*** Opening Data ***

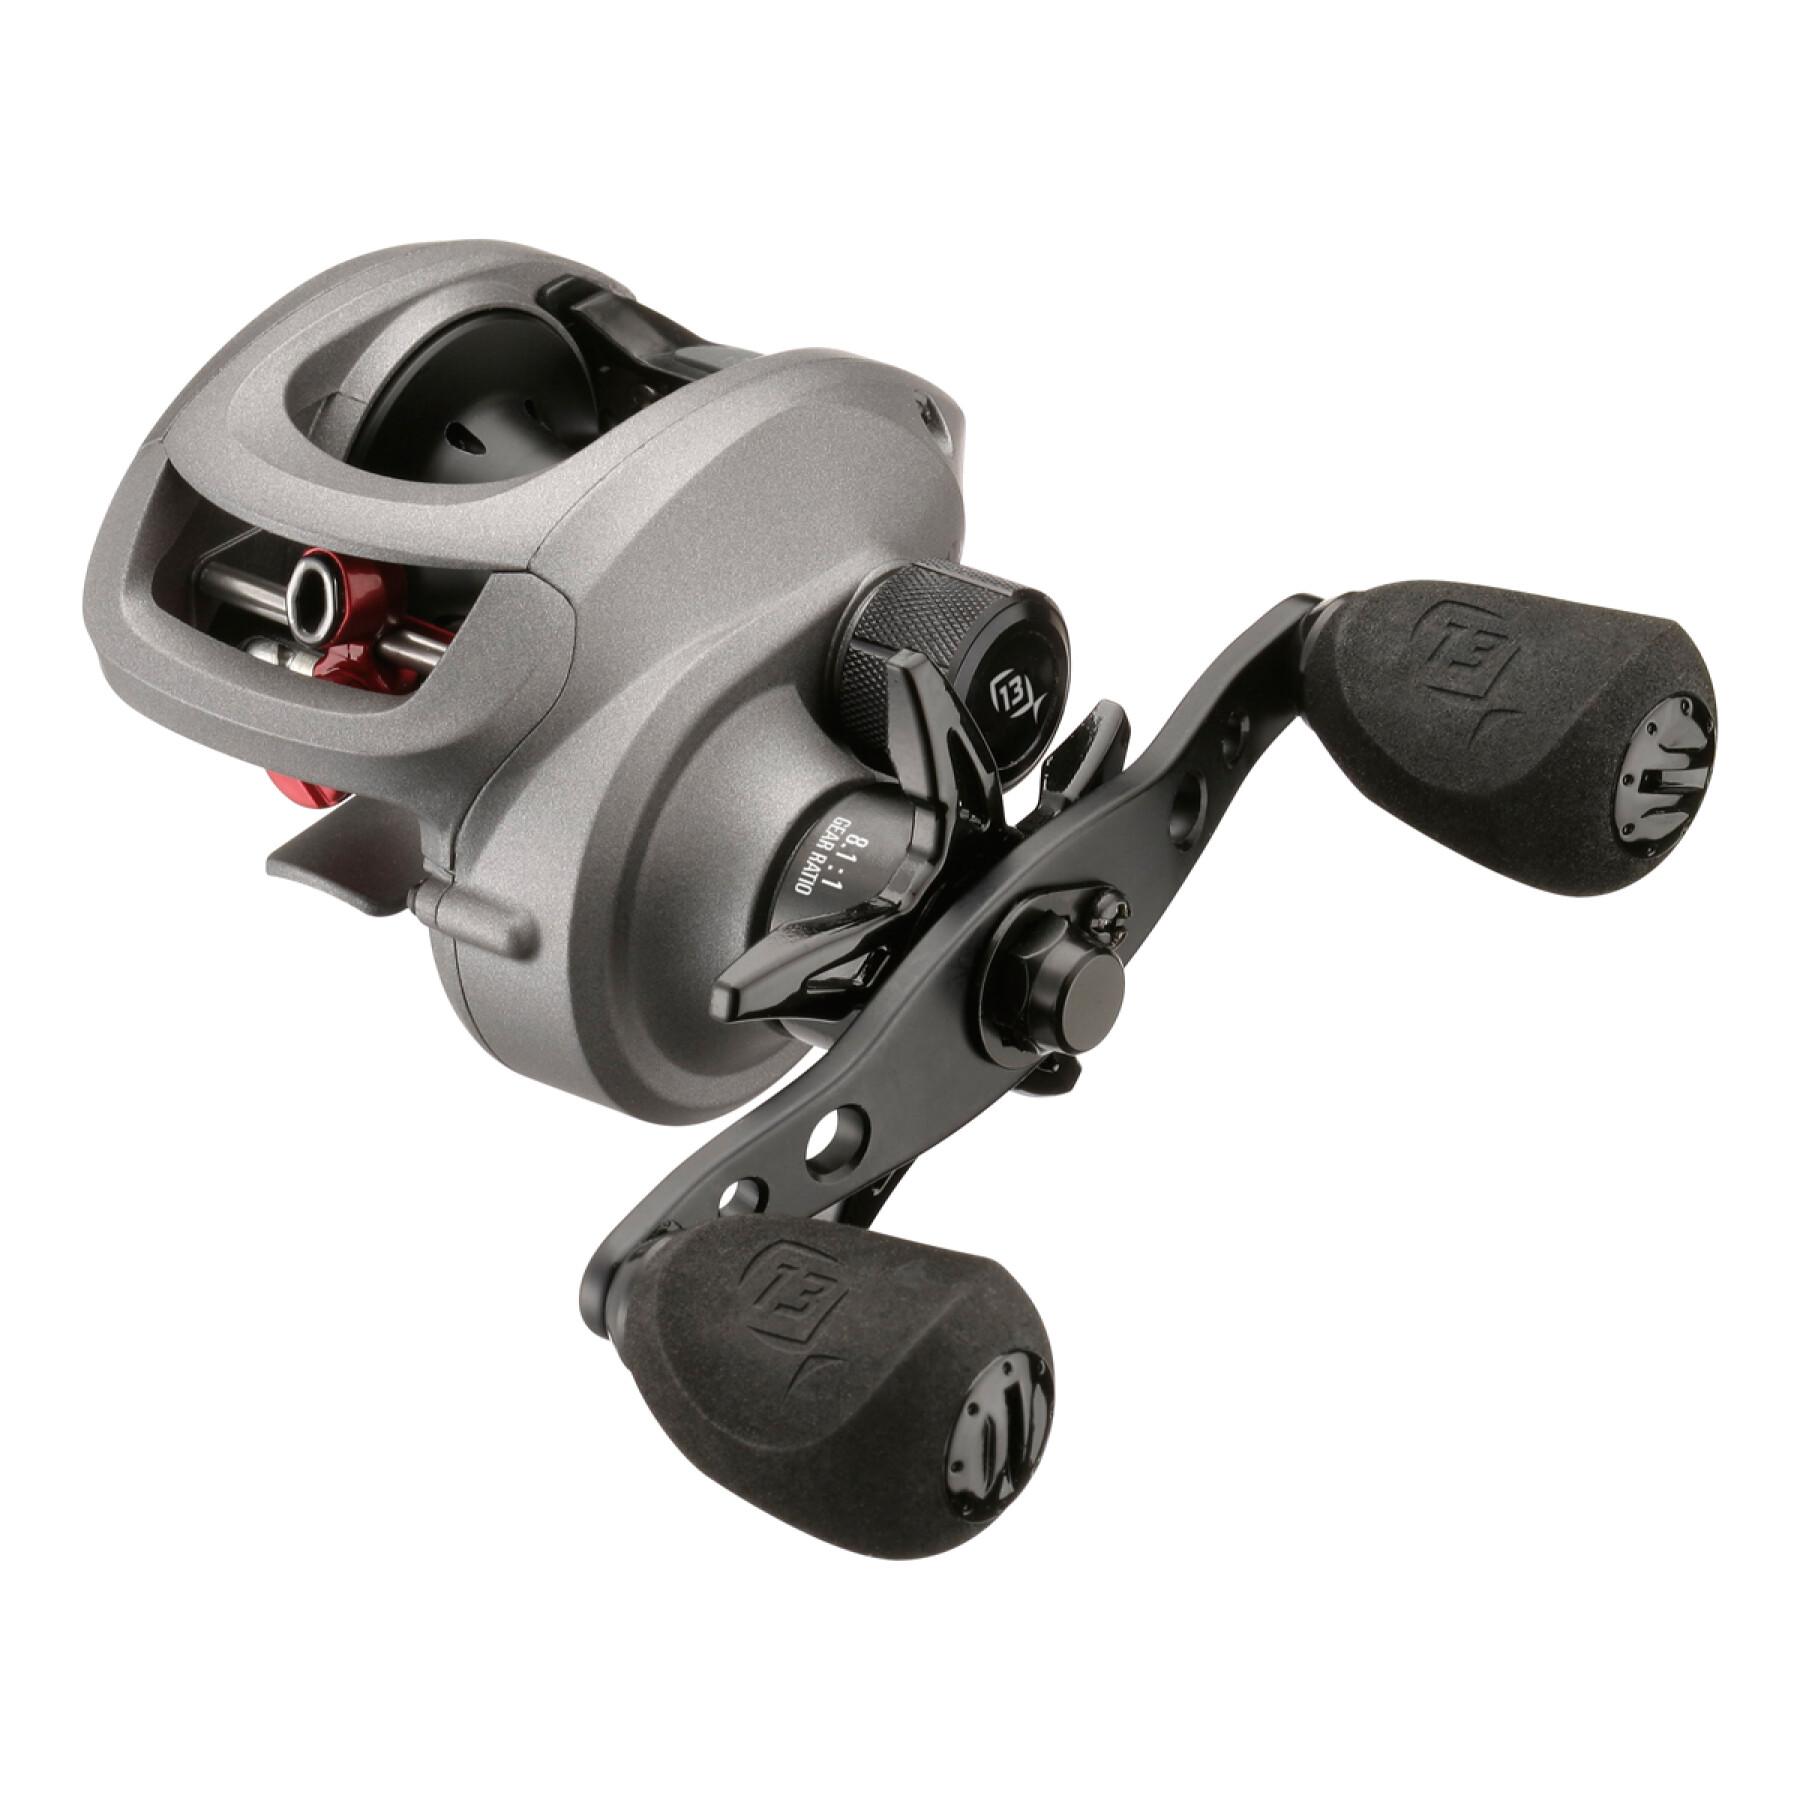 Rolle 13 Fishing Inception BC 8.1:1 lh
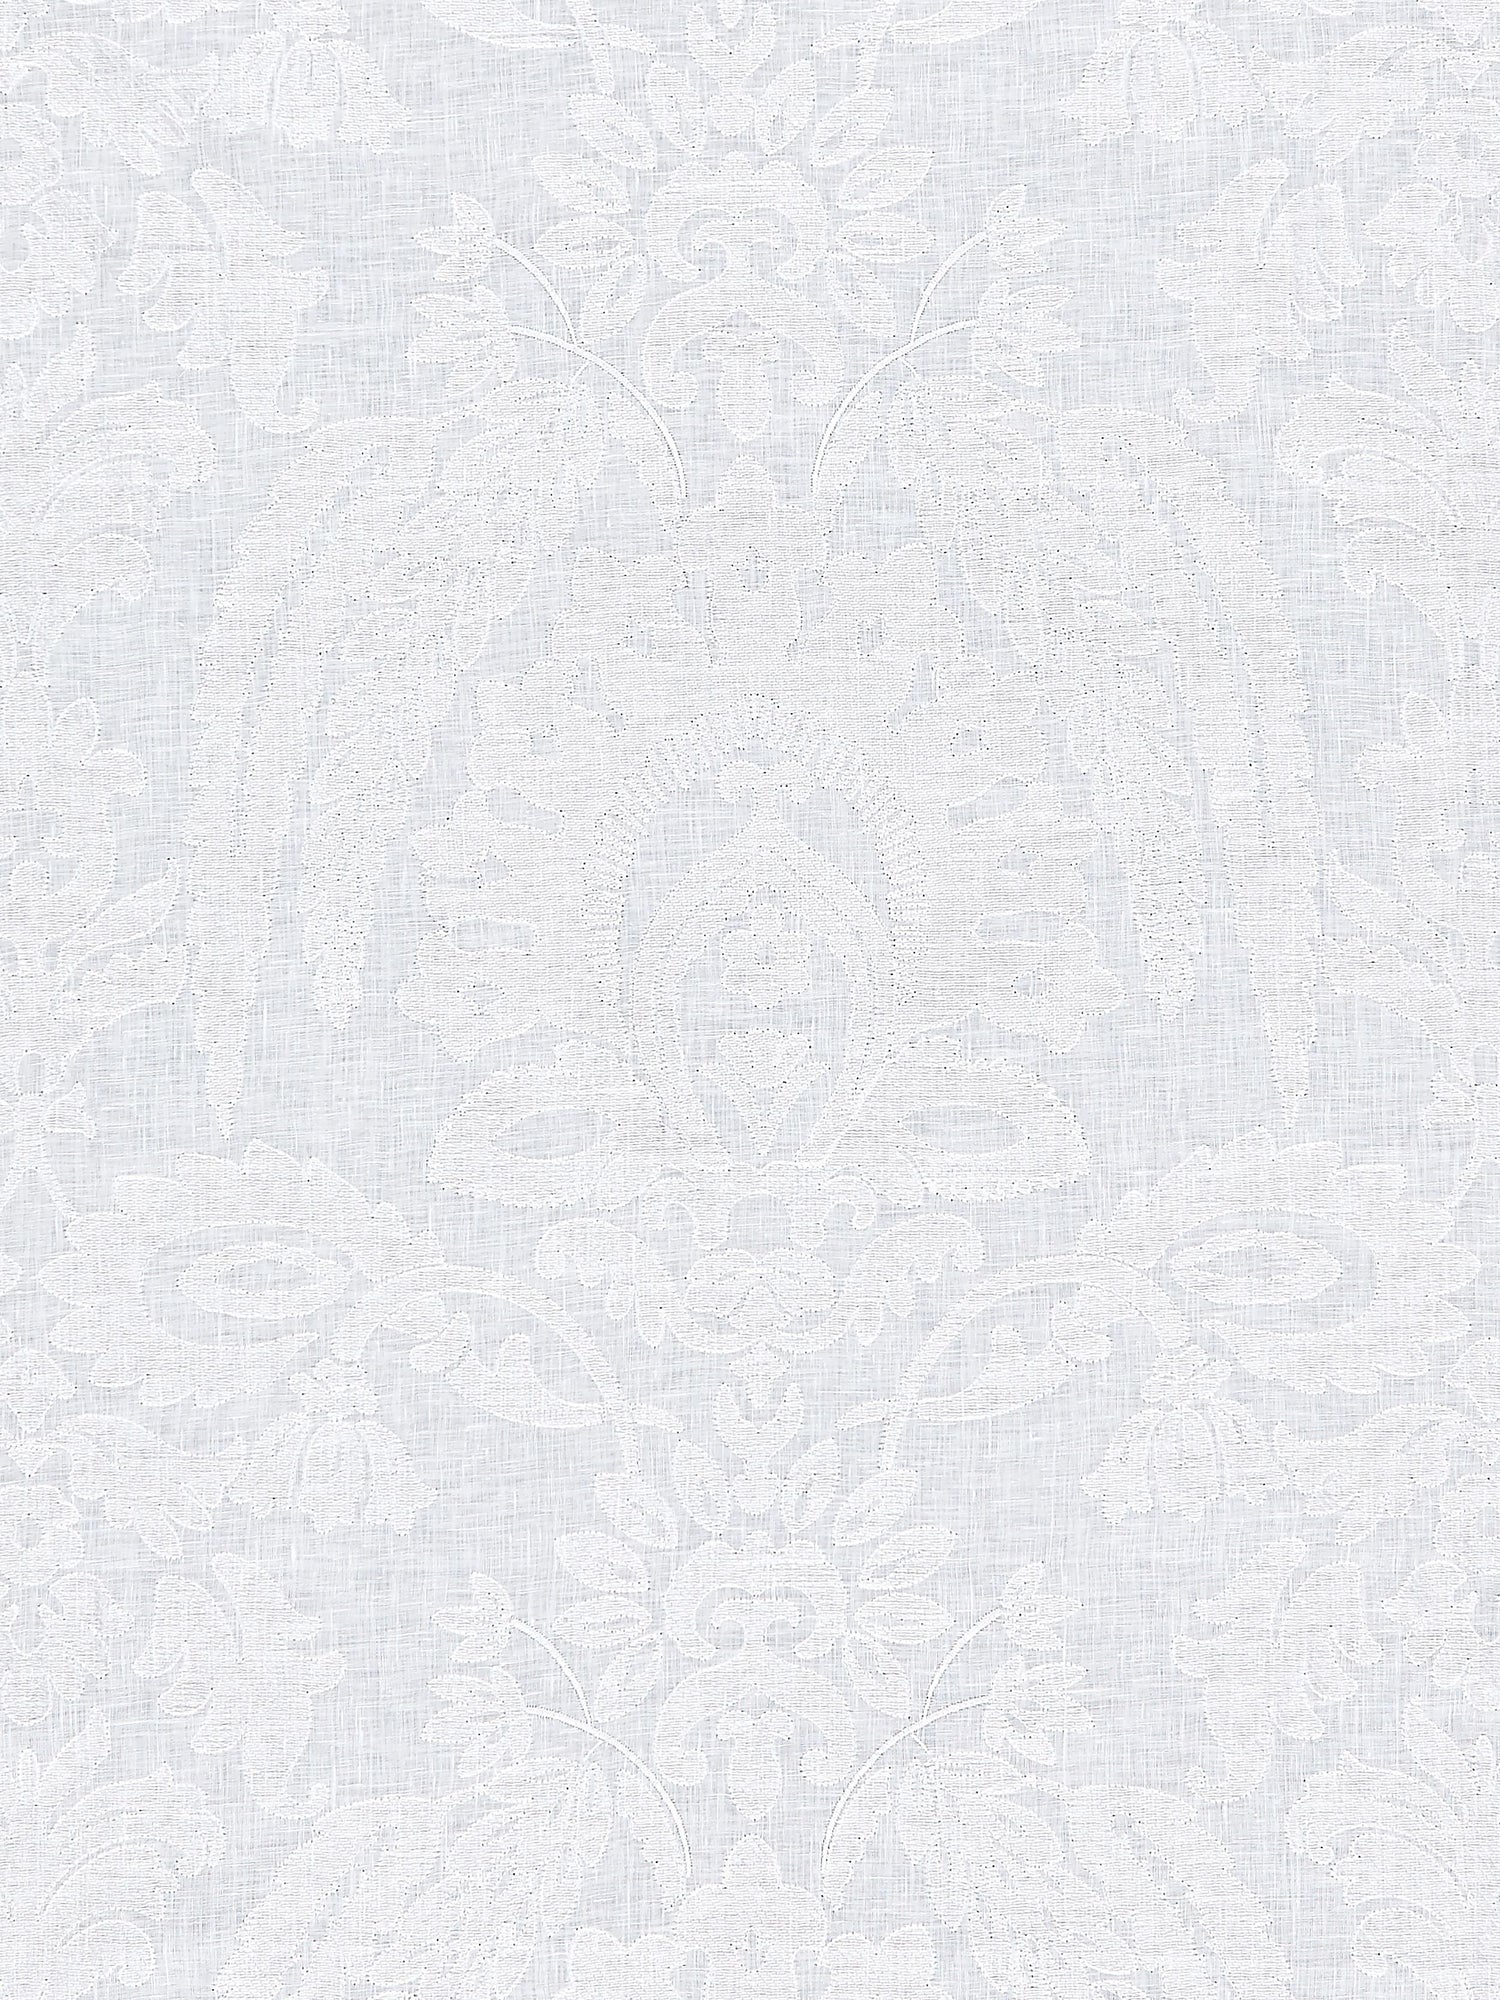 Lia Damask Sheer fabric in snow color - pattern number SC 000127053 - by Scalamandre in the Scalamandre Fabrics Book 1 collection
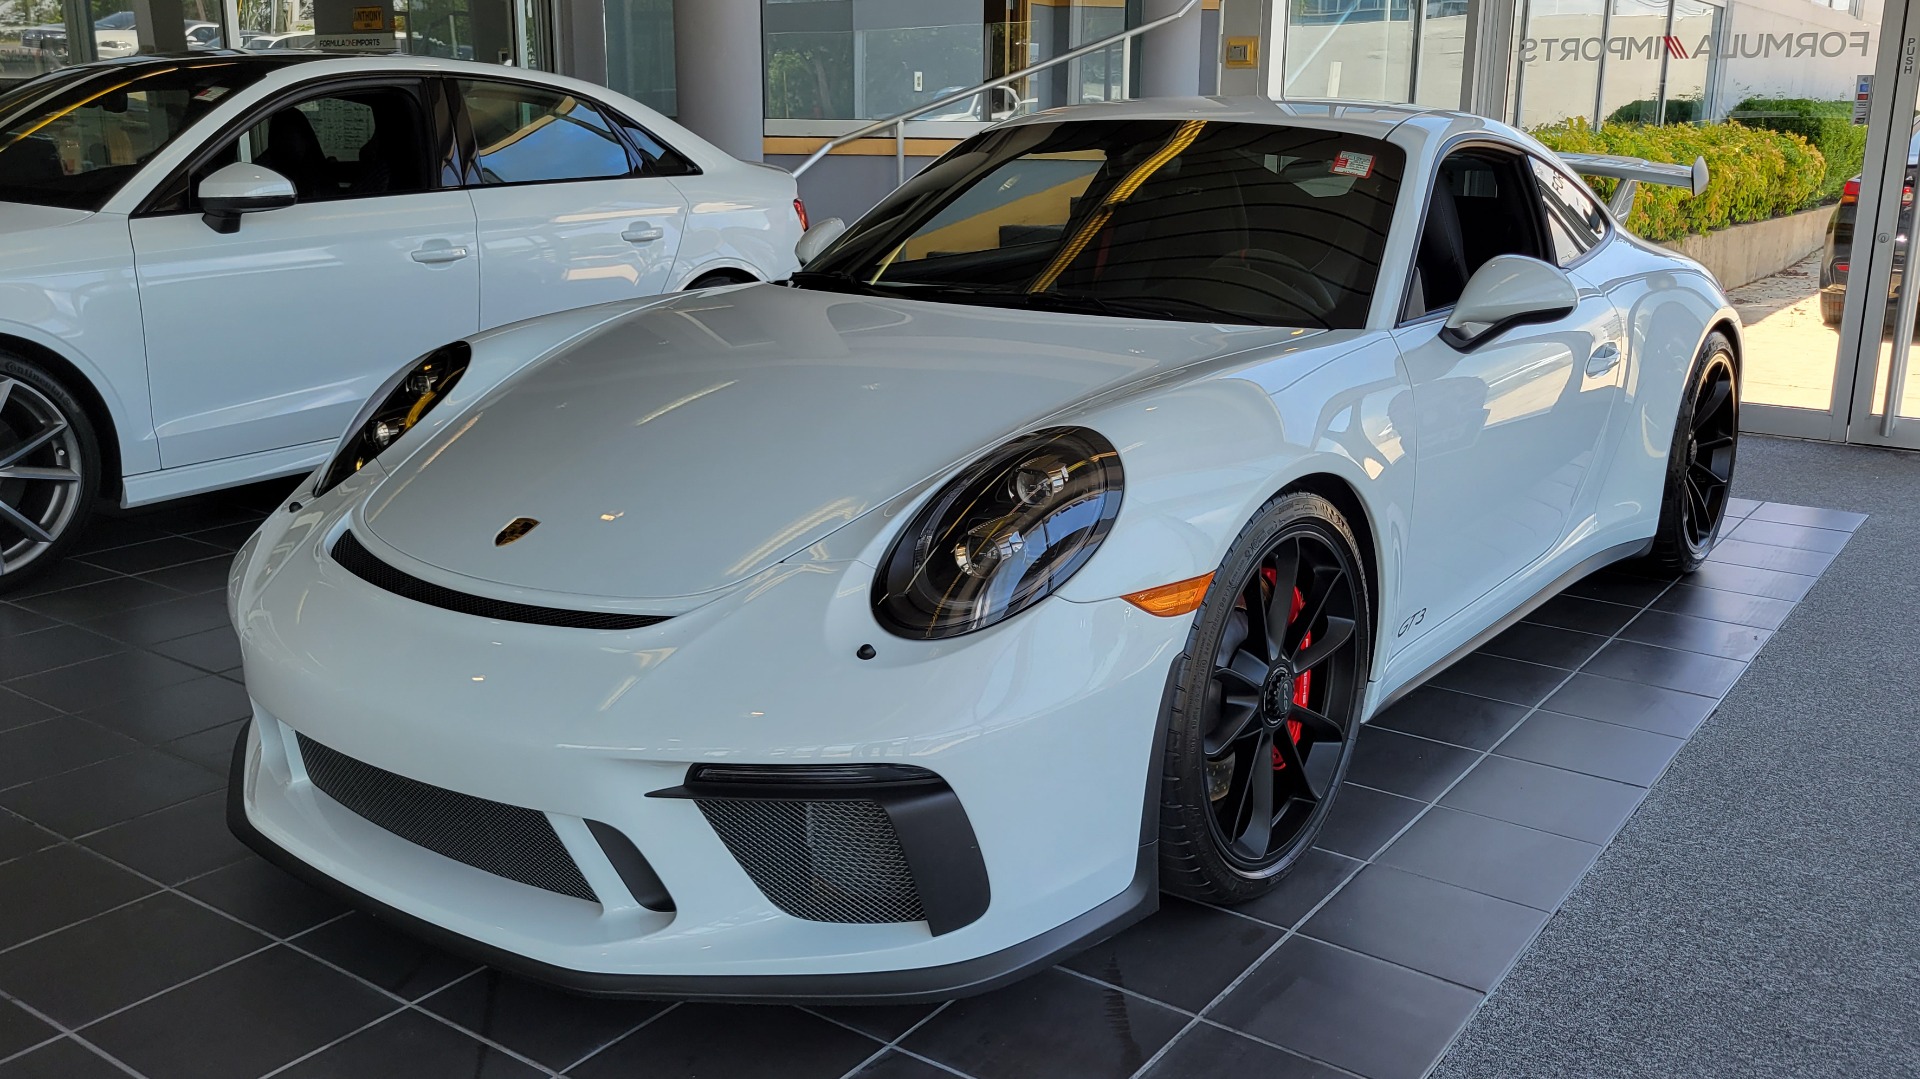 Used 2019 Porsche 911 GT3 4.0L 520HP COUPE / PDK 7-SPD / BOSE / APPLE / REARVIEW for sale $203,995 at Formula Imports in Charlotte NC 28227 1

*** Closing Data ***

Exercise instructions: No pictures go in the copy. Set down all the data exactly.

Your response:
 Rolle 13 Fishing Inception BC 8.1:1 lh
 Lia Damask Sheer fabric in snow color - pattern number SC 000127053 - by Scalamandre in the Scalamandre Fabrics Book 1 collection
 Used 2019 Porsche 911 GT3 4.0L 520HP COUPE / PDK 7-SPD / BOSE / APPLE / REARVIEW for sale $203,995 at Formula Imports in Charlotte NC 28227 1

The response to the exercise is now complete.